SRAM mystery

For discussing the 65xx hardware itself or electronics projects.
fachat
Posts: 1130
Joined: 05 Jul 2005
Location: near Heidelberg, Germany
Contact:

SRAM mystery

Post by fachat »

Hi there,

I want to share an experience that leaves me somewhat puzzled.

Short summary: it took me about 2 weeks hardware debugging to find out that of the two chips of seemingly identical functionality, namely BSI BS62LV4006PIP55 and Alliance AS6C4008-55PCN, only the Alliance chip works in my computer, the other produces random errors. And I have no idea why...

Long story:

I want to resurrect my CaSpAer computer (aka CS/A65 http://www.6502.org/users/andre/csa/index.html ). To make sure to have a stable system, I have adapted the "8296 burnin" program from the Commodore PET to have a repeatedly running RAM test. See https://github.com/fachat/cbm-burnin-tests
What that test showed me was that after a few minutes random errors appeared in the RAM test for the VMEM (video memory, actually dRAM on the video card), but also in the static RAM ($0200-$8000). Before the tests I was assuming the stability problems I had were coming from using the video card with its dRAM (2x 41464), so I was primarily looking for problems there - however when I saw the SRAM errors (using the BSI chip), I assumed some common problem.

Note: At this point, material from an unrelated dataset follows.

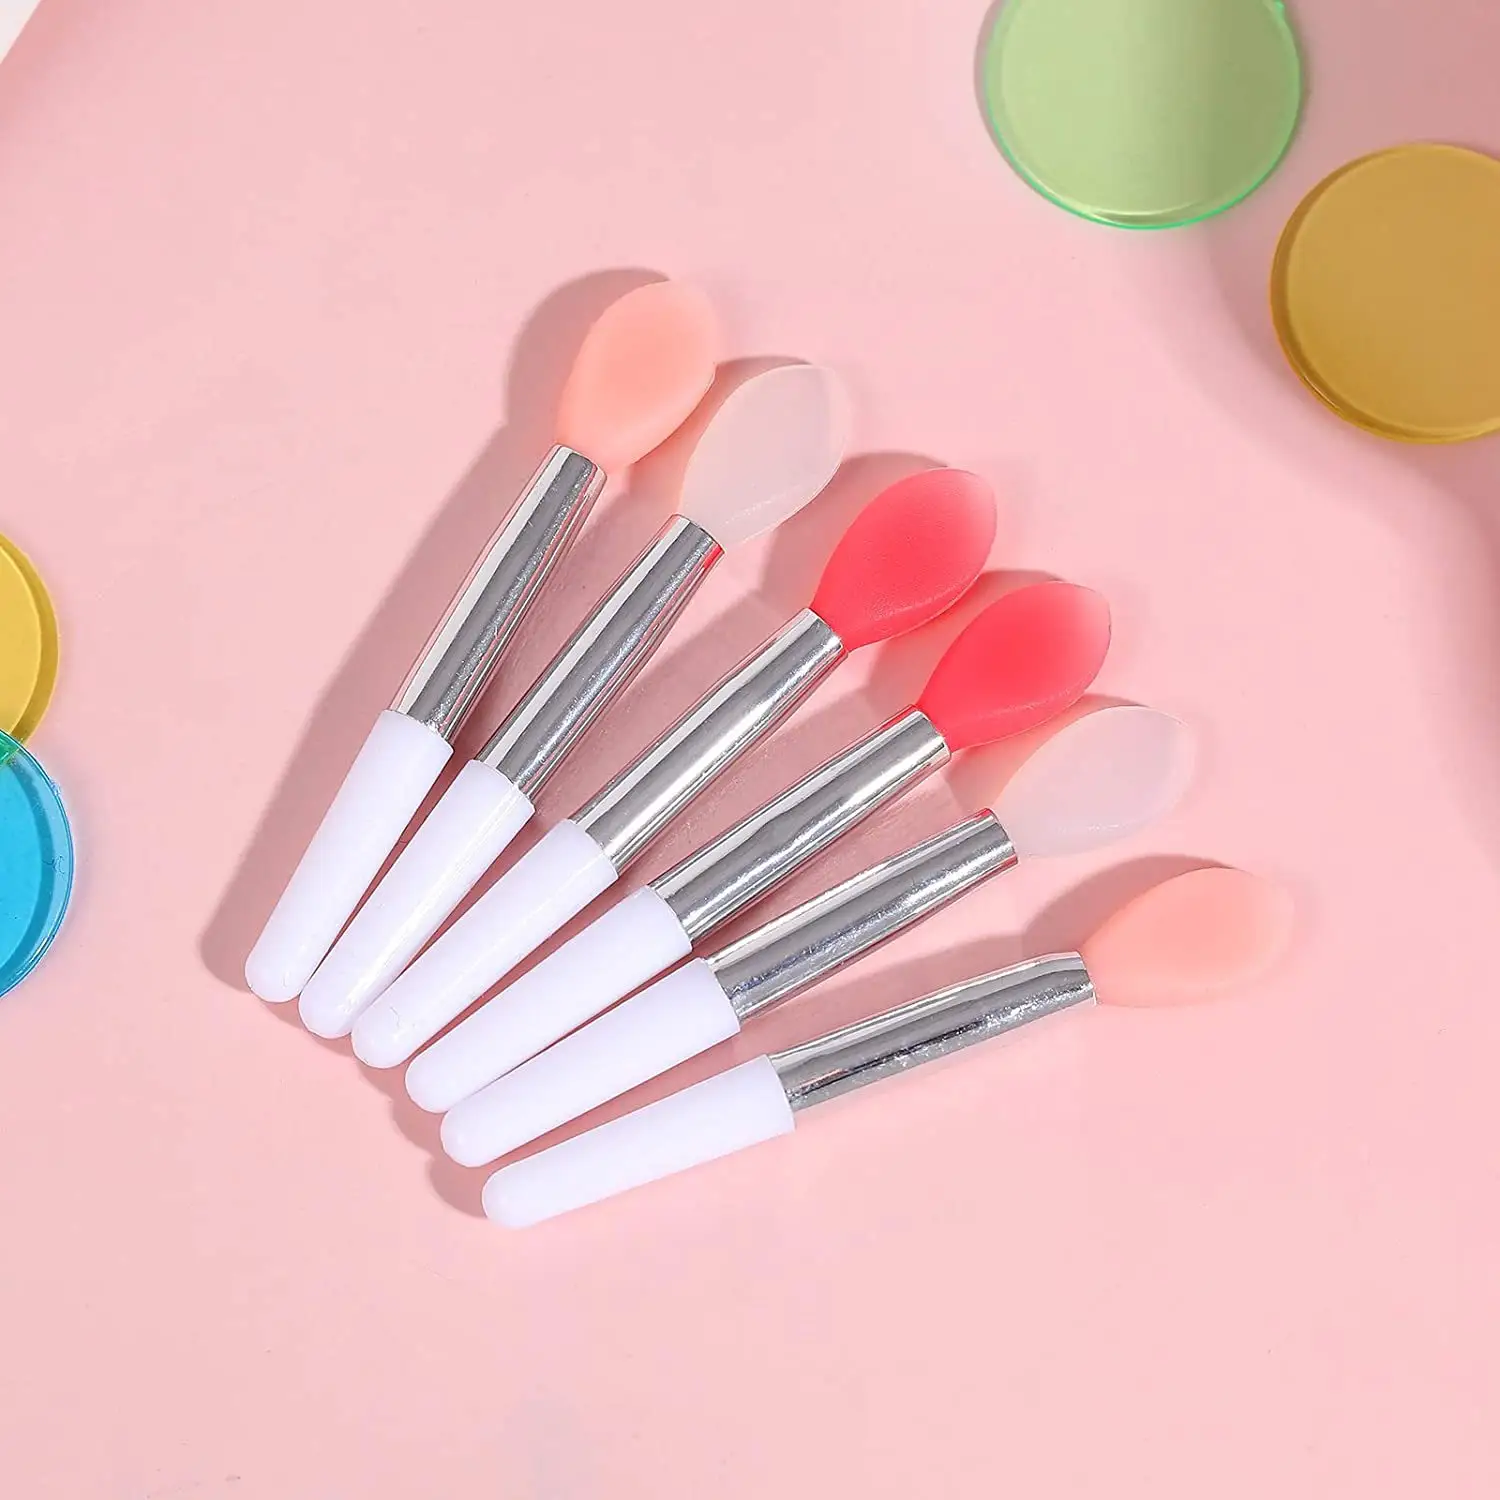 Kuas Lip Gloss Silikon Mini Aplikator Kuas Lipstik Portabel untuk Produk Makeup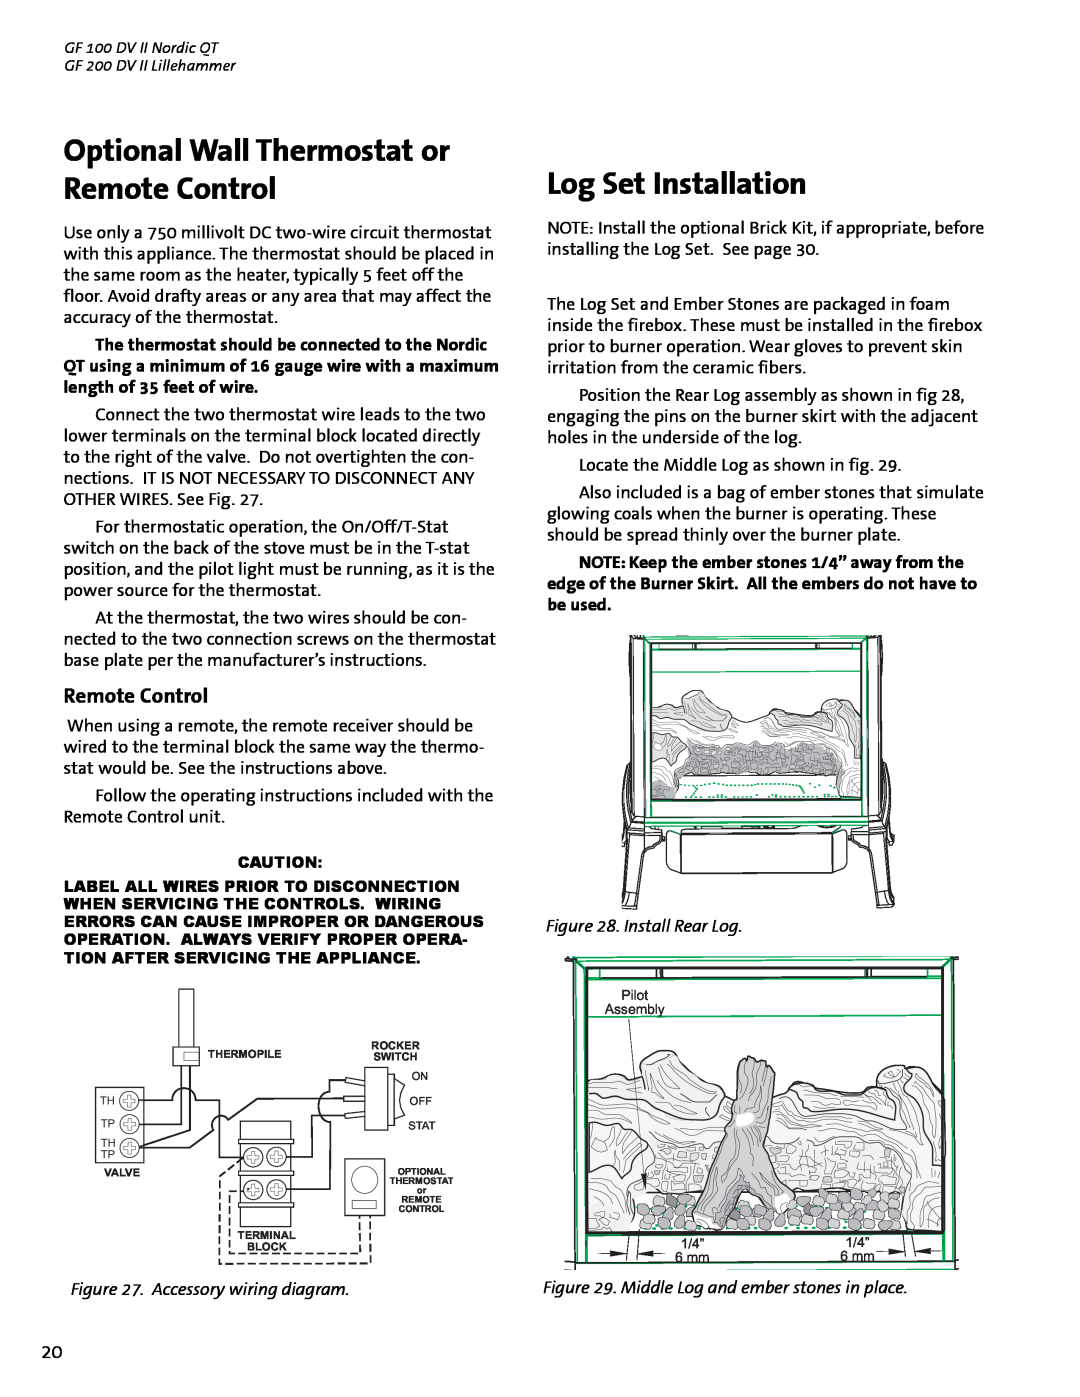 Jotul GF 100 DV II, GF 200 DV II manual Optional Wall Thermostat or Remote Control, Log Set Installation, Install Rear Log

What irritated me was that the errors did not seem to have address patterns, were both of the Read or Write error (Read error is when the data is correctly read again after a first errornous read, Write error is when the data stays incorrect), and also bits did not seem to matter. And those errors happened both in the SRAM test and the VMEM (dRAM test).

So I was looking into the bus drivers on the CPU board (changing between ALS and HCT did not change it). I was looking into bus termination (5k6 to 5V, 3k3 to GND) did not change it. I was improving the backplane's capability to supply 5V - did not change. Switching between 1MHz (40col) and 2MHz (80col) did not change anything.

I then really started focusing on the SRAM, because that was the easier signal path.

For the signal path see here:
https://flic.kr/p/2mxZNtj
Signal paths
Signal paths
Signals go from the CPU board to the BIOS board with the SRAM. Most signals are straightforward, only higher address lines go through some more complex selection logic. I only drew the a simple version with the ICs on it, to find out the longest (slowest) signal path.
You can find the schematics here: http://www.6502.org/users/andre/csa/cpu ... 0k_sch.png (CPU) and http://www.6502.org/users/andre/csa/bio ... 0f-sch.png (BIOS)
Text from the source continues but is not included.